NORFOLK, Va. — The Air Force said Monday it will eliminate nearly 3,500 positions over the next five years, with Virginia being harder hit than any other state.

The military branch released its plans to save $1.6 billion under a Defense Department directive to slash its costs and staff by at least 20 percent. The plan calls for significant reductions at major Air Force commands around the country, including 742 positions at Joint Base Langley-Eustis. The installation is home to Air Combat Command, which oversees fighter jets, among other things.

The Air Force said it plans to pursue the cuts sooner, rather than later.

“We are aggressively pursuing reductions within the first year, rather than spread them out over five years as allowed by DoD,” Air Force Secretary Deborah Lee James said in a statement. “It’s better for airmen because it provides them predictability and allows us to re-stabilize our workforce sooner.”

Other major cuts include 372 positions at Wright-Patterson Air Force Base, Ohio; 292 at Scott Air Force Base, Illinois; 429 at Joint Base San Antonio; 275 at Peterson Air Force Base, Colorado; and 238 positions at Hickam Air Force base, Hawaii.

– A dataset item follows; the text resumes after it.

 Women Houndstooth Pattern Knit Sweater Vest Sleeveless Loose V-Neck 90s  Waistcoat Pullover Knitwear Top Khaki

The Air Force also said its headquarters staff would lose 734 positions, including 522 positions in the National Capital Region.

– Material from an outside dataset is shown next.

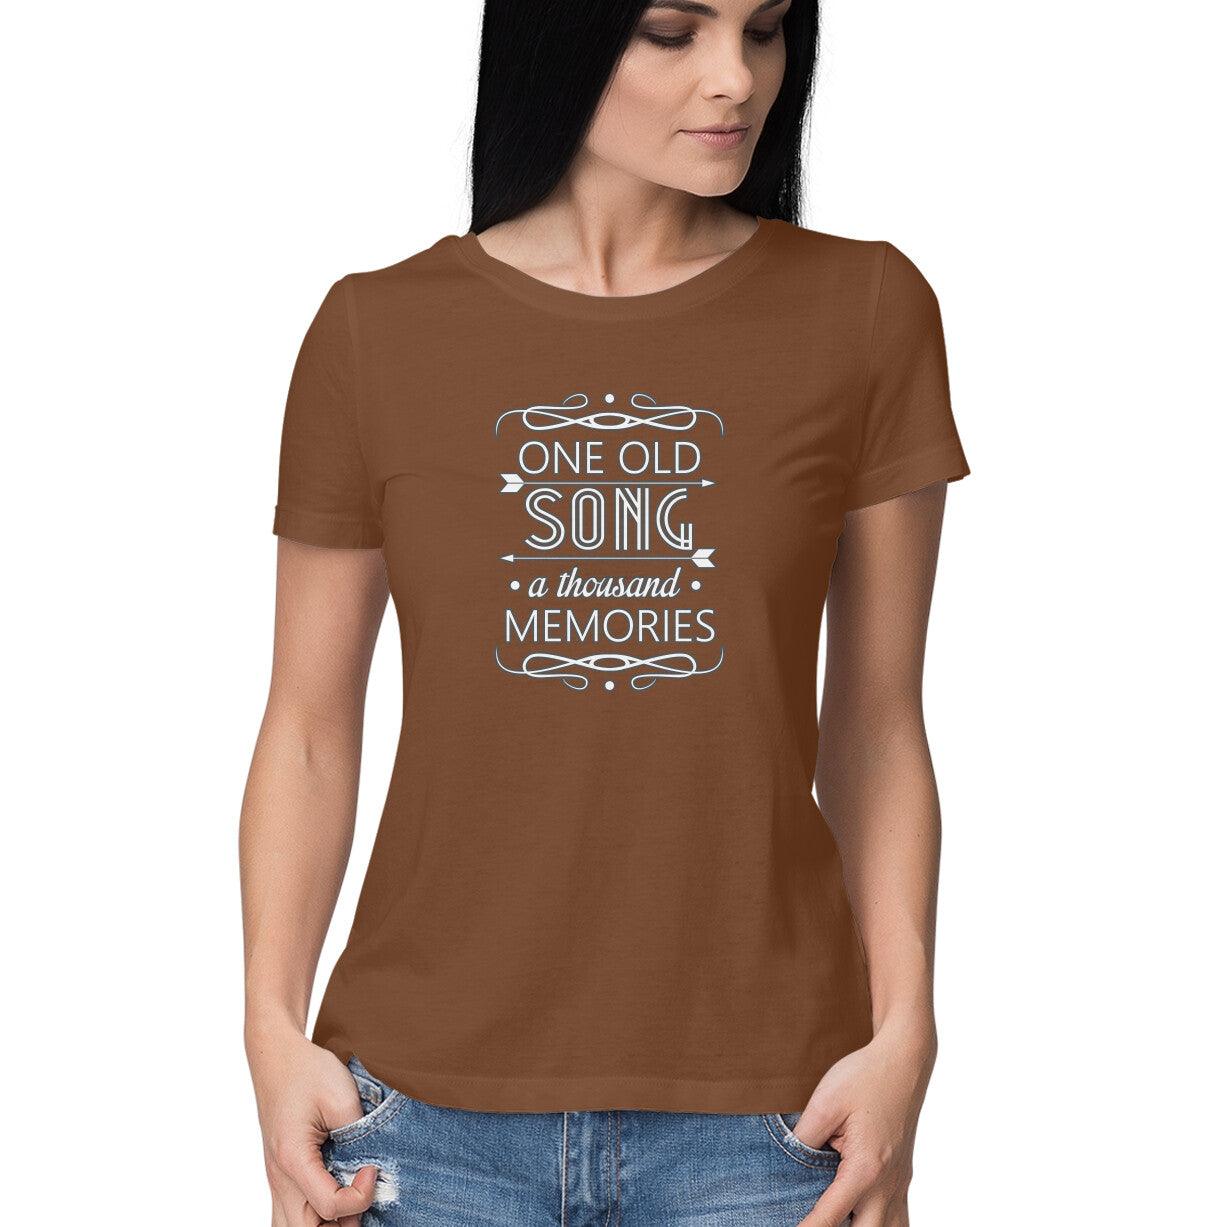 Coffee Brown T-shirt for women qho love music

Of the 3,459 positions being eliminated worldwide, 923 of those are coming from personnel who provide installation and mission support. The Air Force is creating a new center to handle much of those responsibilities, which will have a staff of 350. The Air Force has not specified where that center will be located, although it will report to Air Force Materiel Command, which is headquartered at Wright-Patterson.

The Air Force has not said how many of the positions being eliminated will be civilians, but it said would offer early retirement and voluntary separation incentive pay program to get civilians to leave.

At Joint Base Langley-Eustis, which also plays host to a major Army command, about 6,100 civilians work for the Defense Department on base. The installation has about 17,000 military personnel.

Craig Quigley, executive director of the Hampton Roads Federal Facilities and Military Alliance in Virginia, said it’s too early to tell how much of an impact the cuts will have on the heavily military-dependent region.

“We have a number, but I don’t know yet what that means as far as specifically identifying the impacts locally,” he said. “Are those 742 billets, are some number of them currently unfilled and they’re simply not going to be filled? Or does every one of the 742 have a person in it today?”

Other installations losing positions under the plan announced Monday include 167 at Barksdale Air Force Base, Louisiana; 27 at Hill Air Force Base, Utah; 19 at Joint Base Charleston, South Carolina; 31 at Maxwell Air Force Base, Alabama; and 22 at Hurlburt Field, Florida.